> **Data section**
^^^^
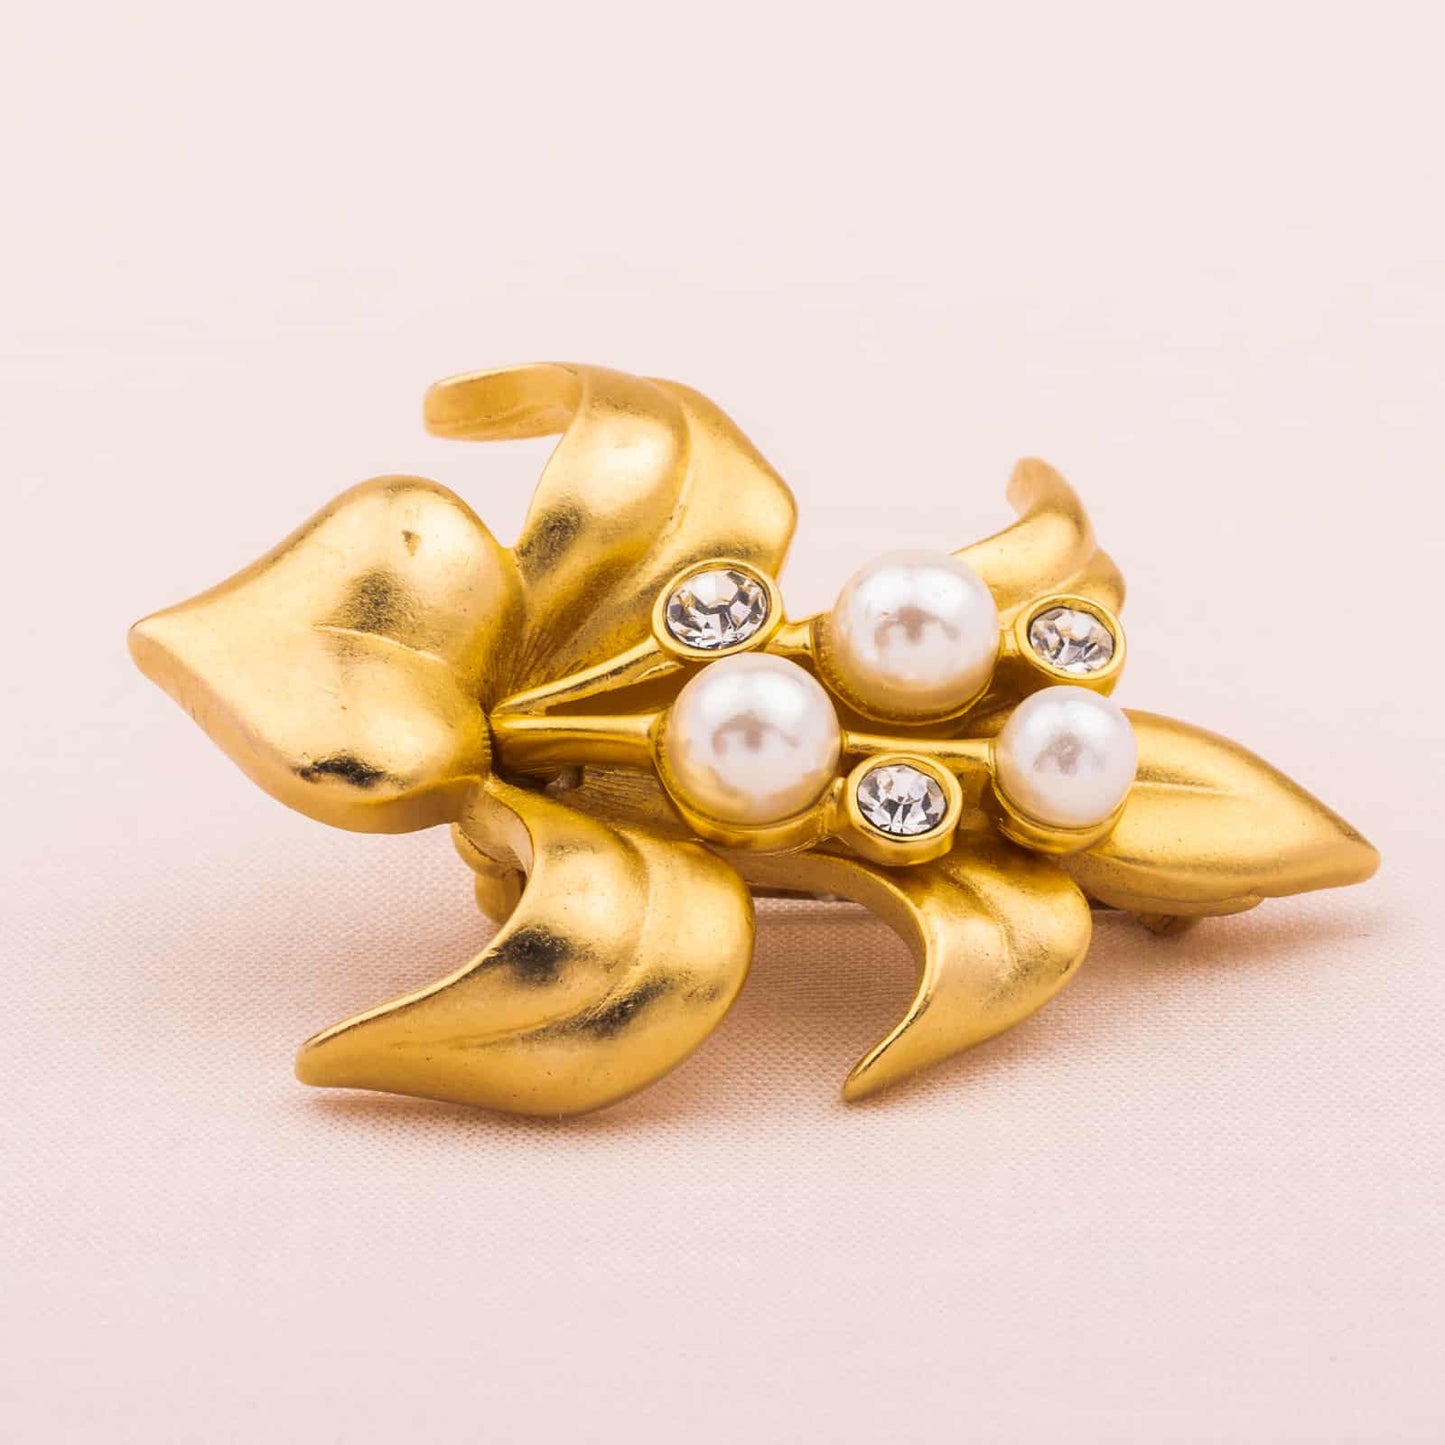 Swarovski-Blumen-Brosche-Vergoldet-Perlen-Kristalle
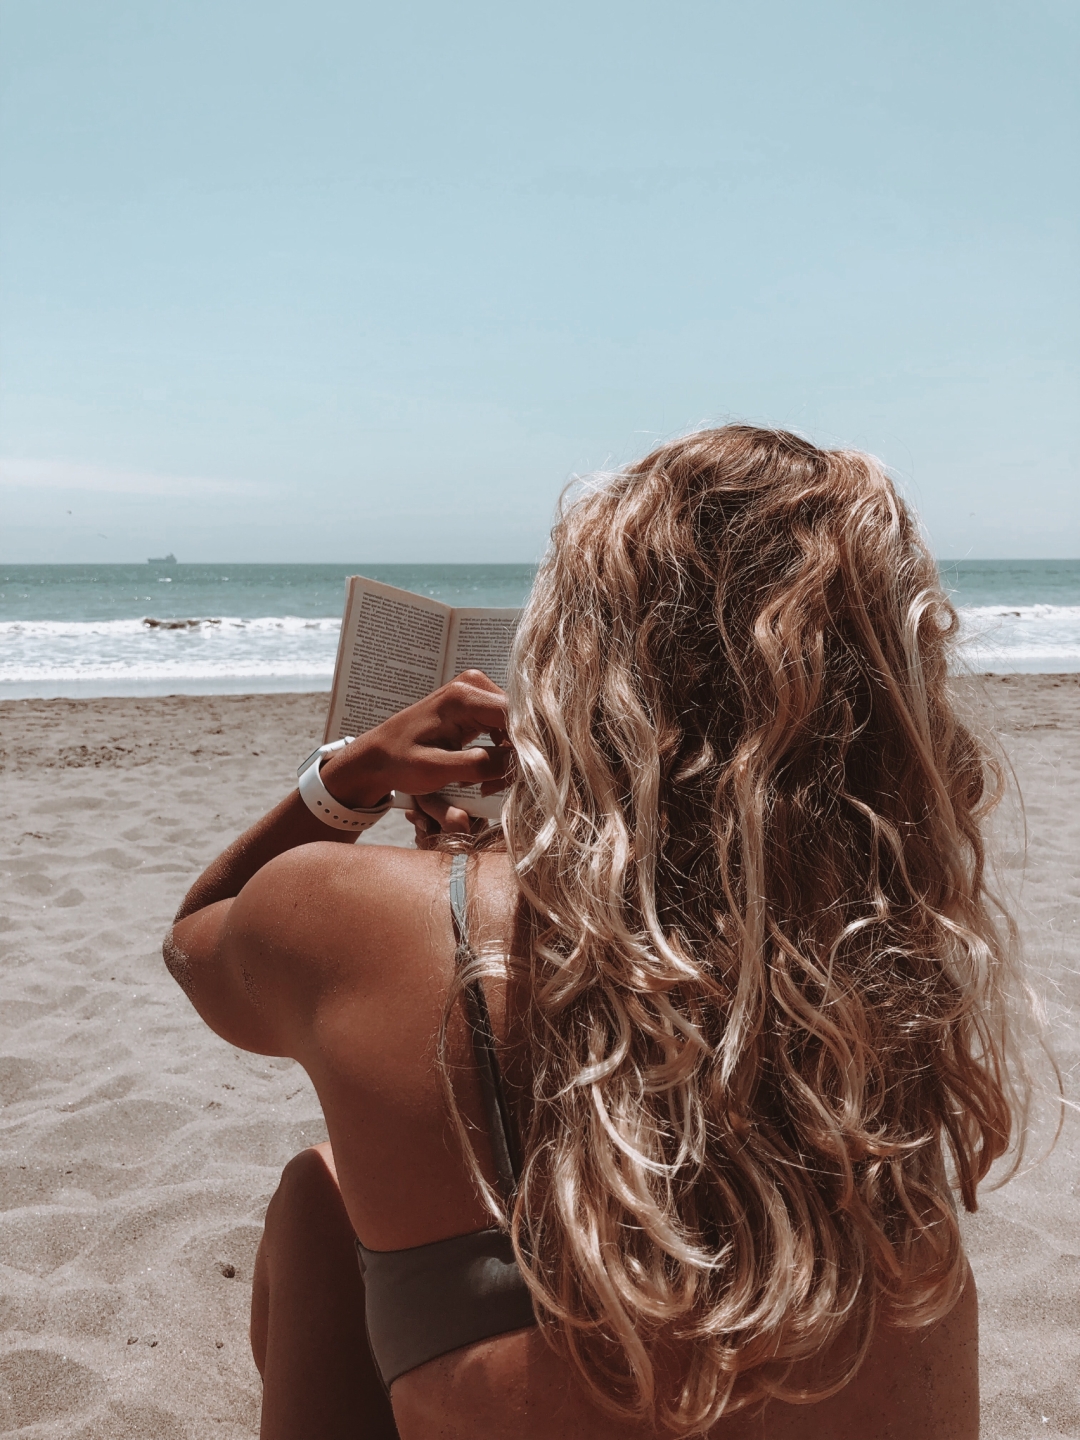 čitanje na plaži
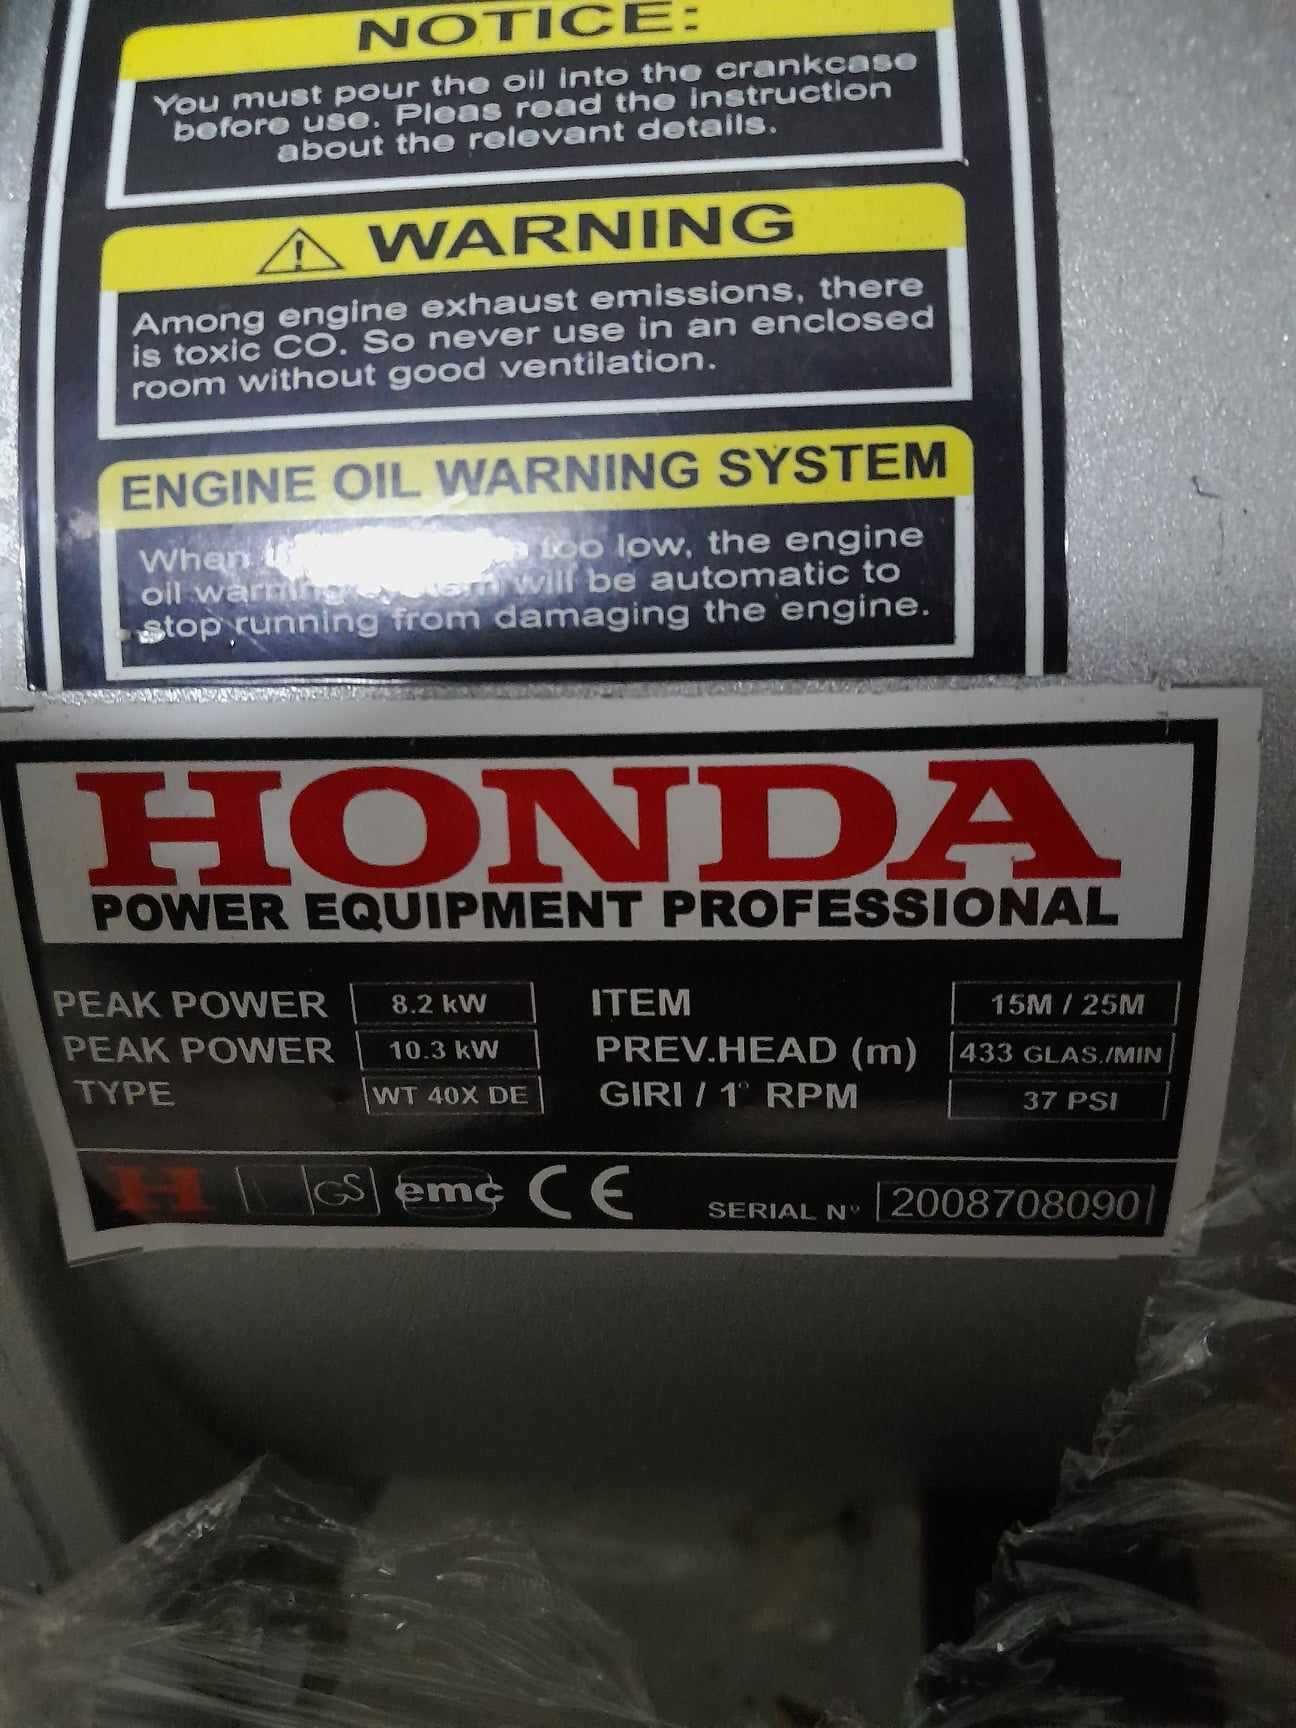 NOWA Pompa szlamowa Honda WT40 X DE 8,2 kW
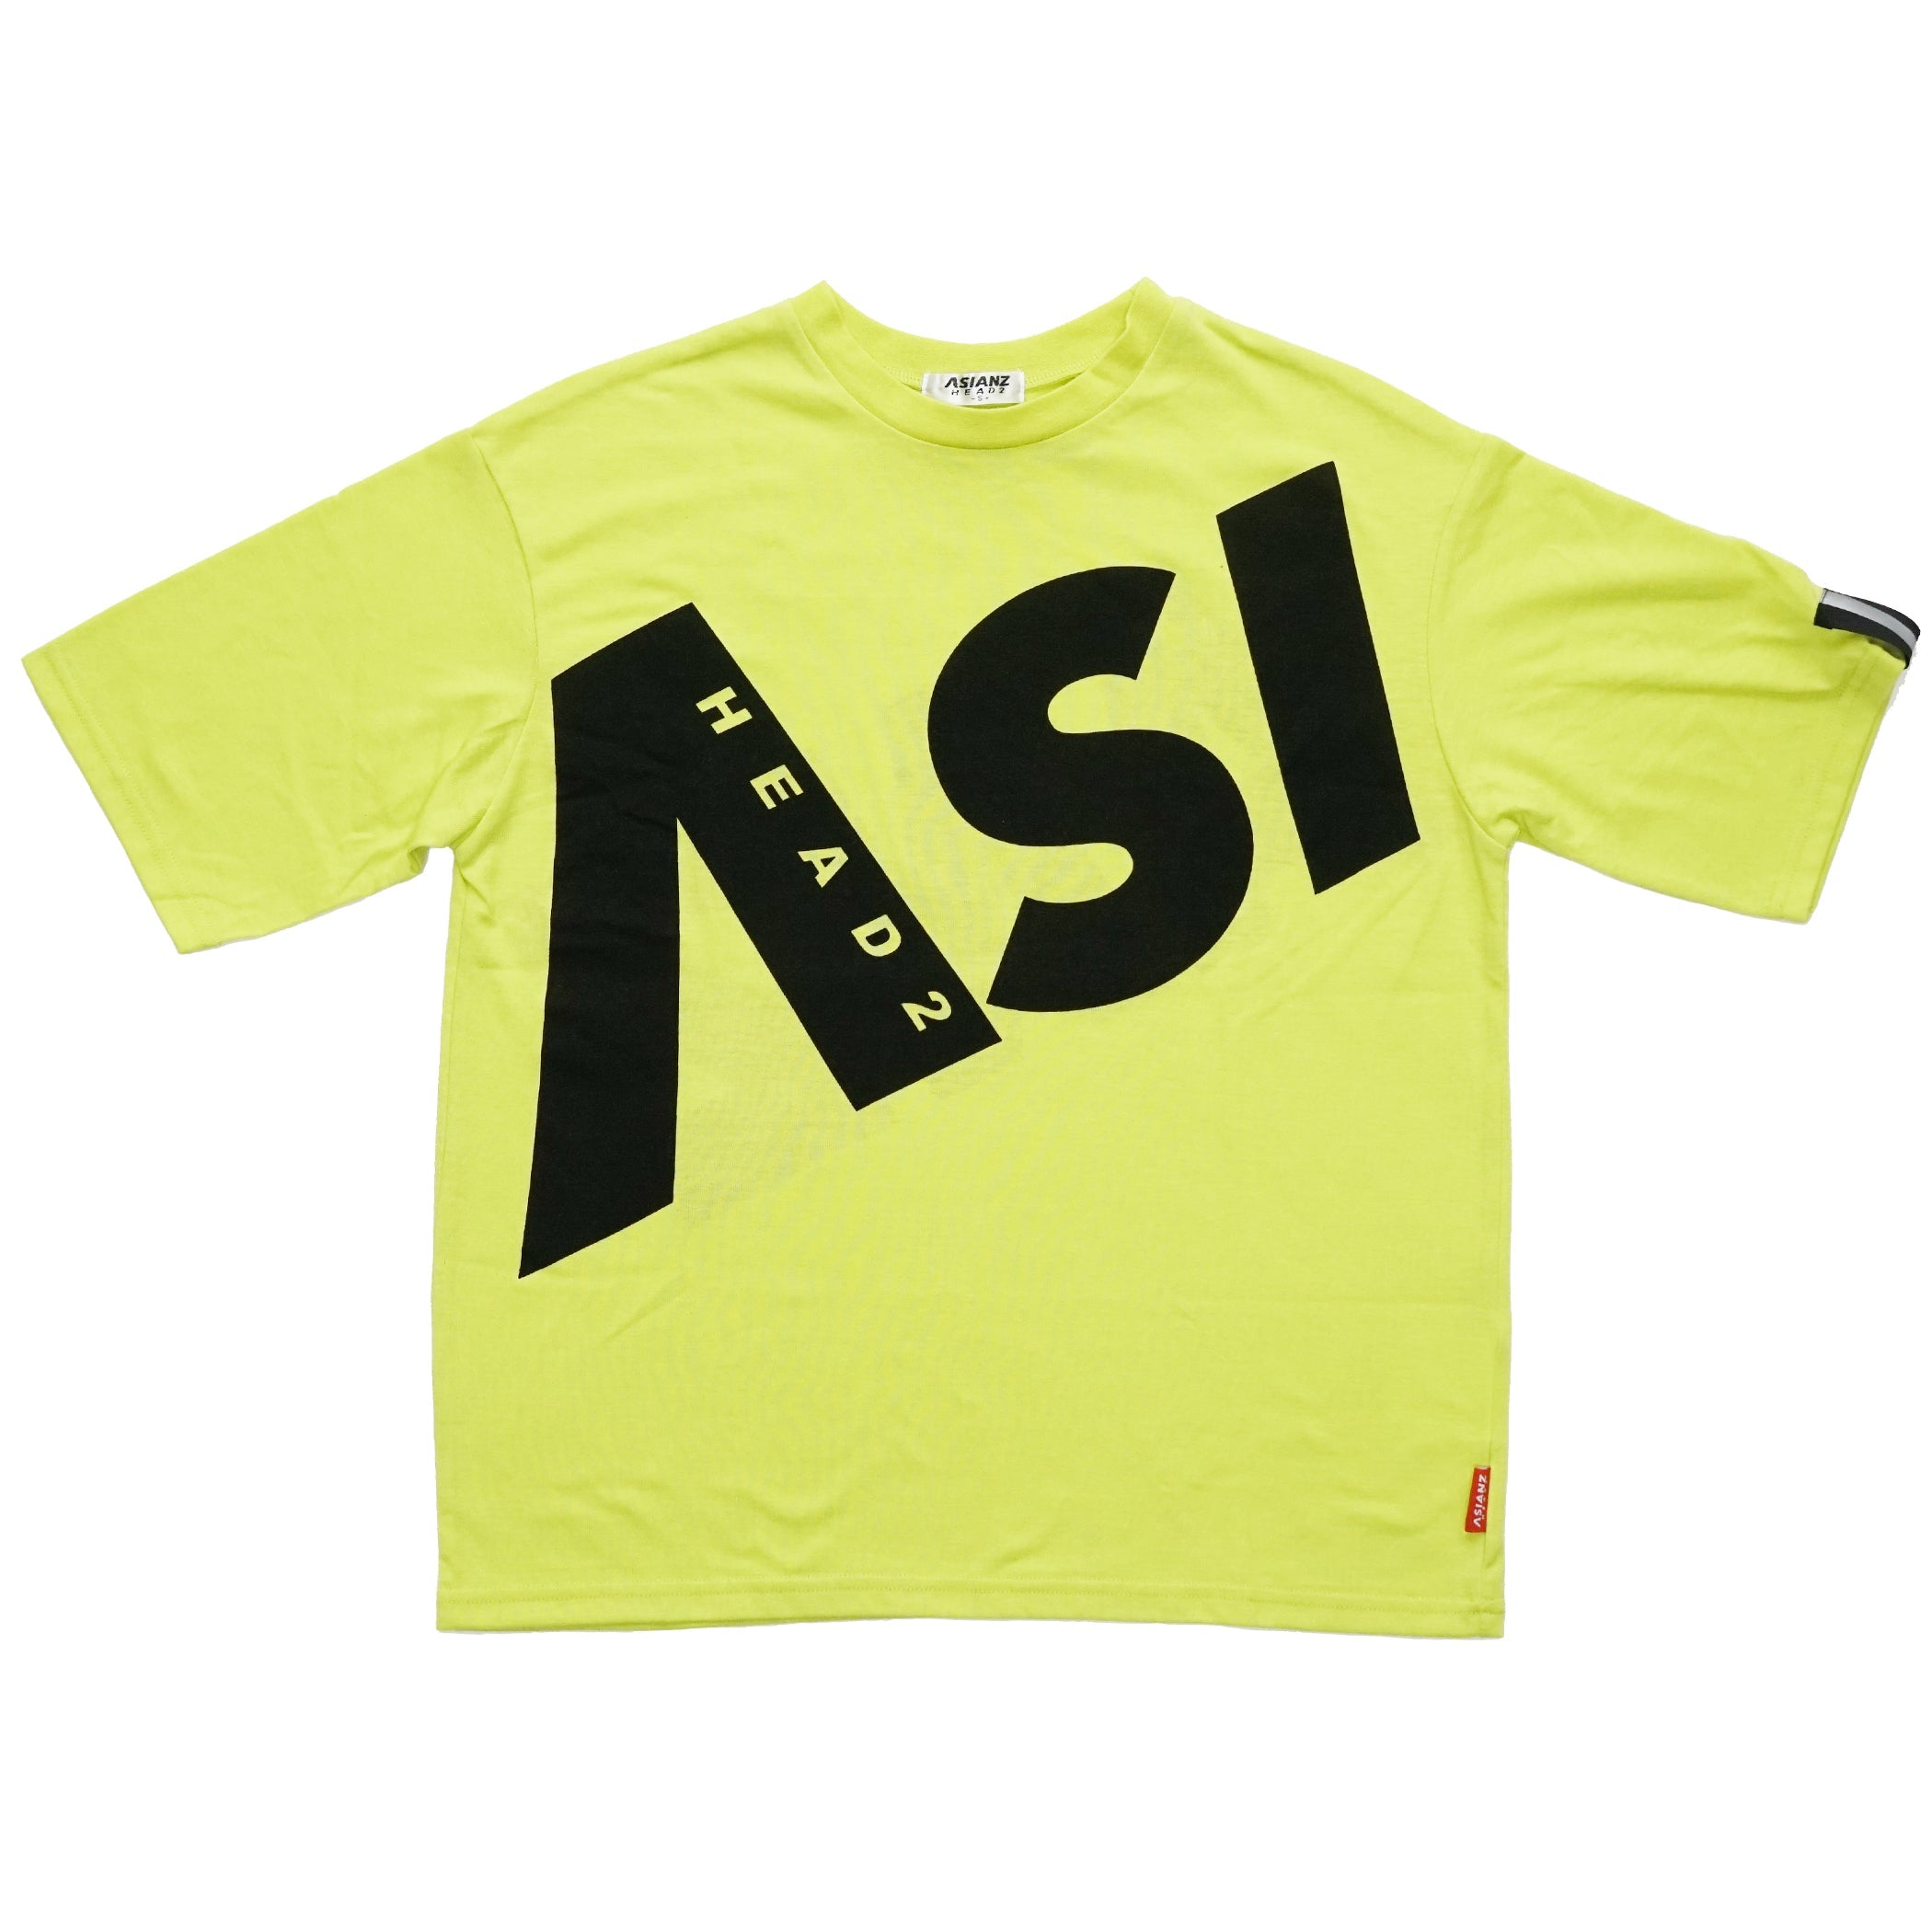 (セール商品) ASIANZ HEAD2 ビッグロゴワイドTシャツ キッズウェアー
^^^^
> **Required work**
From the line with "čitanje na plaži" through the final line of the data above, copy everything exactly, both ends included, but not the pictures.

> **Written answer**
 čitanje na plaži
 NOWA Pompa szlamowa Honda WT40 X DE 8,2 kW
 (セール商品) ASIANZ HEAD2 ビッグロゴワイドTシャツ キッズウェアー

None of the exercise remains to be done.